Trying to understand solution_sequences:group_by/4

Are there any examples of using group_by/4? From the test case, it appears that it’s intended to be wrapped in a “find-all” aggregator:

data(1, a, a1).
data(1, a, ax).
data(1, b, a2).
data(2, a, n1).
data(2, b, n0).
data(2, b, n2).

data2(A, B) :- data(A, B, _).

% The following all give the same results: [1-[a, a, b], 2-[a, b, b]].

group1(Groups) :- findall(A-Group, group_by(A, B, data(A,B,_), Group), Groups).

group2(Groups) :- bagof(A-Group, bagof(B, data2(A,B), Group), Groups).

group3(Groups) :- bagof(A-Group, bagof(B, C^data(A,B,C), Group), Groups).

In other words, group_by/4 is like findall (all free variables are existentially quantified) except it fails rather than giving a result of [].

I think the docs are quite accurate. It is basically bagof/3 reversing the specification of existential variables.

I just had my “Ah-ha!” – group_by/4 and the other solution_sequences predicates are all intended to run inside an aggregation (with the others, it was obvious; I was confused by pairs:group_pairs_by_key/2, which transforms lists).

Also bagof/3 is slightly different - it doesn’t have the By argument, and it took some staring at the definition of group_by/4 to understand what’s going on there. I can’t think of a situation where By would have free variables in it or be different form the outer aggregator’s template…

Whether you run them inside an aggregation is up to you.

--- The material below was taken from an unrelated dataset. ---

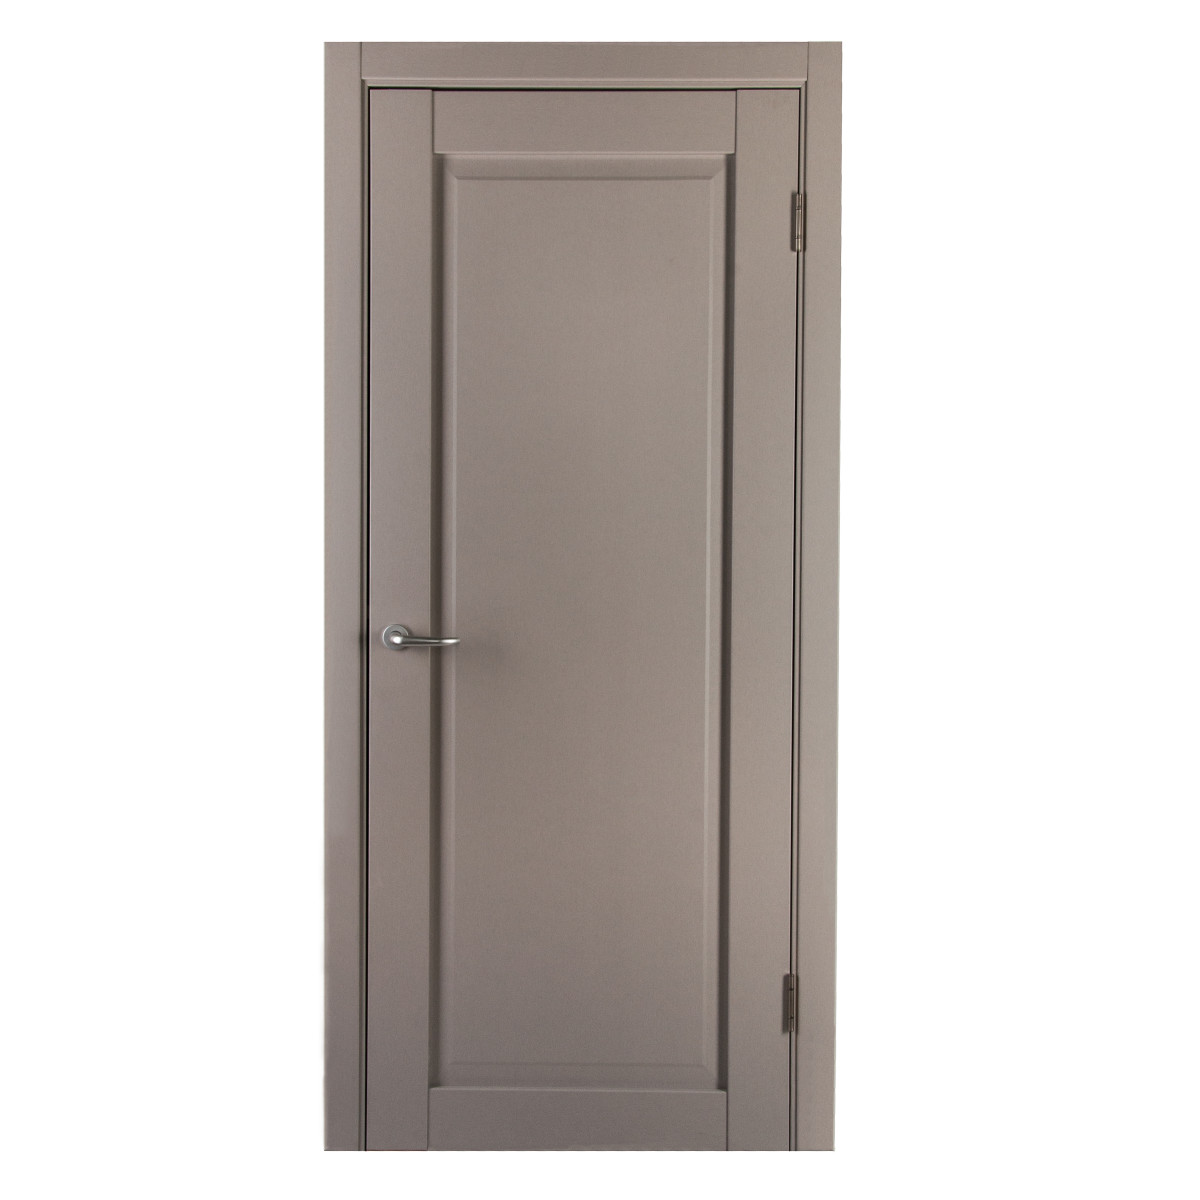 Дверь межкомнатная с фурнитурой Пьемонт 80х200 см, Hardflex, цвет платина светлая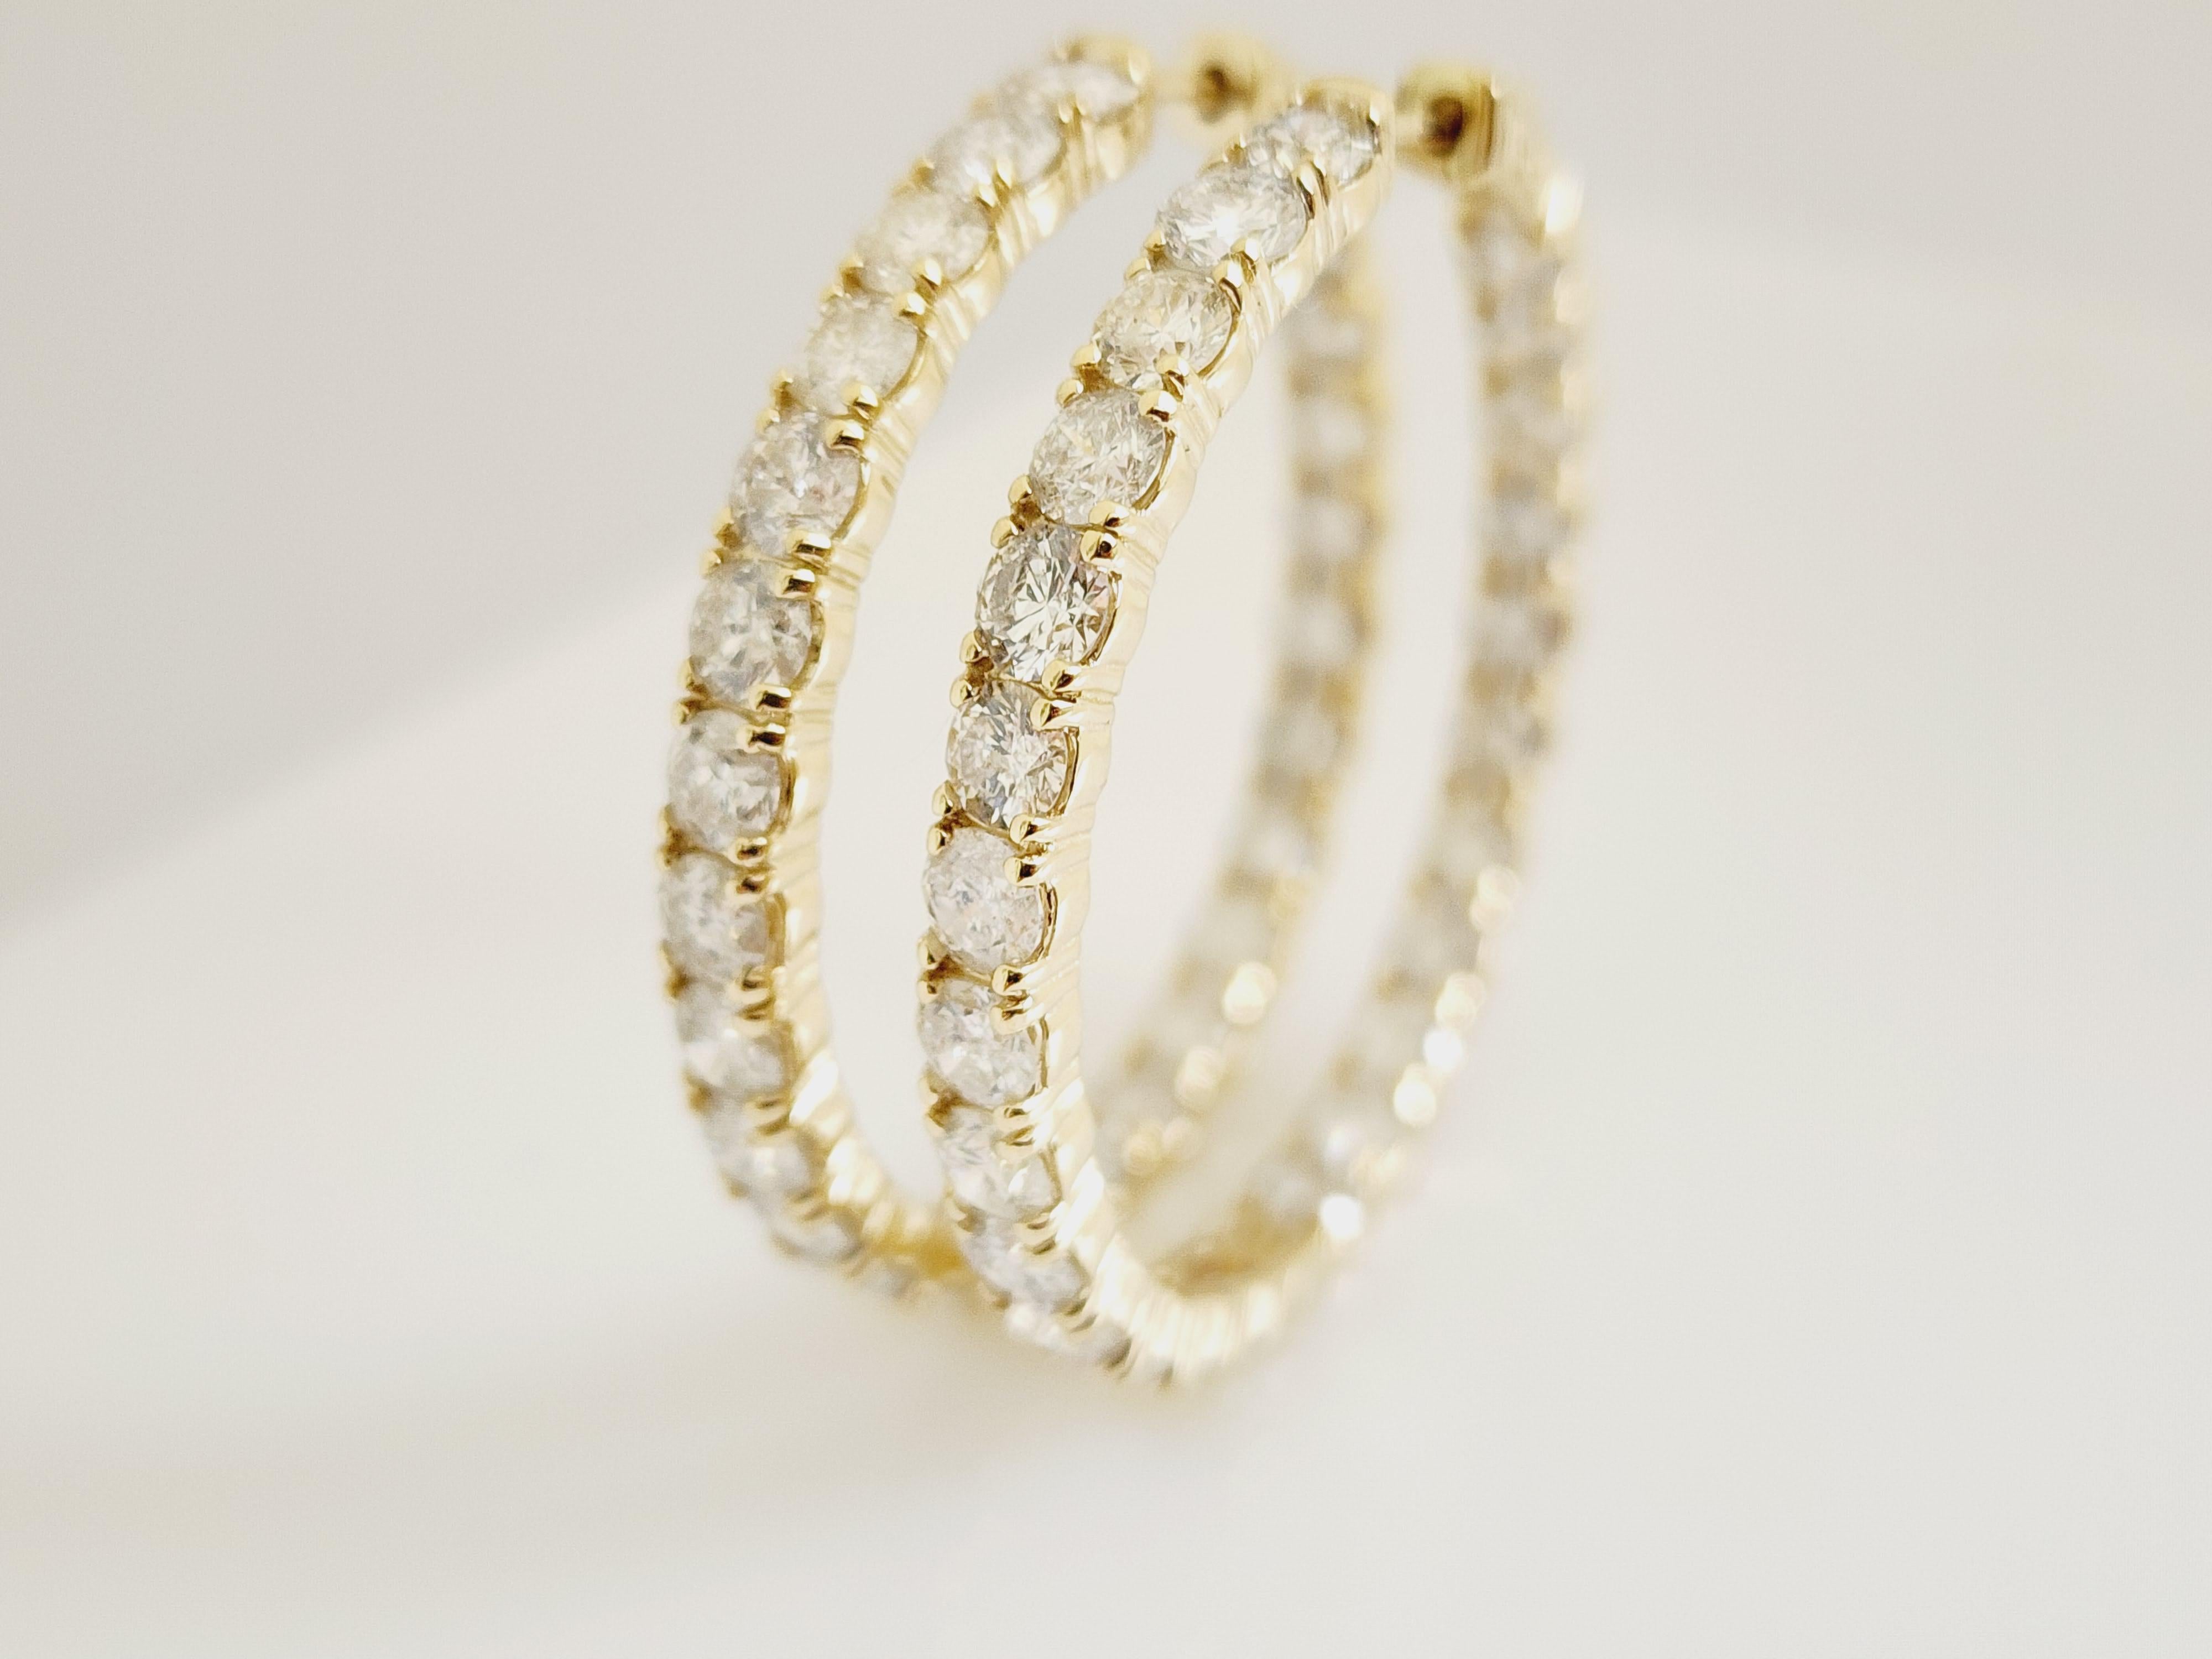 10.1 Carat Diamond Hoops Earrings 14 Karat Yellow Gold For Sale 2

These predicates are intended to alter the solution sequence generated by a non-deterministic predicate. This allows you to specify new non-deterministic predicates as simple logical conjunctions and disjunctions of already defined primitives, even if intermediate steps are normally required to (notably) improve efficiency. These predicates also support SWISH, which represents solutions in a table, much like SQL clients do.

For example, suppose we have a/1 and b/1 and want to get the solutions for a(X),b(X). Now suppose a/1 is cheap but produces a lot of duplicate answers and b/1 is expensive. Using this library we simply write distinct(a(X)), b(X) and we are done. Without you get

findall(X,a(X),Xs), sort(Xs,Us), member(X,Us), b(X).

(or setof, but that may have its own problems). Besides being more compact, distinct also produces answers immediately instead of enumerating all answers for a/1. In addition, there is reduced/1 which doesn’t guarantee full uniqueness but runs in limited memory.

These operators combine nicely and allow for example processing the best 10 a(X) using b/1 in a nice concise and (IMO) readable syntax:

limit(10, order_by([desc(X)],a(X))),
b(X).

The group_by/4 is pretty handy if you wants existential qualification for all variables except a few, notably if variables may be hidden in the arguments you pass to bagof/3. Library yall provides a good alternative, I think as bagof(X, {V1,V2,...}>>Goal, Xs). This predicate was most of all added to complete the common vocabulary to manage rows in database answers.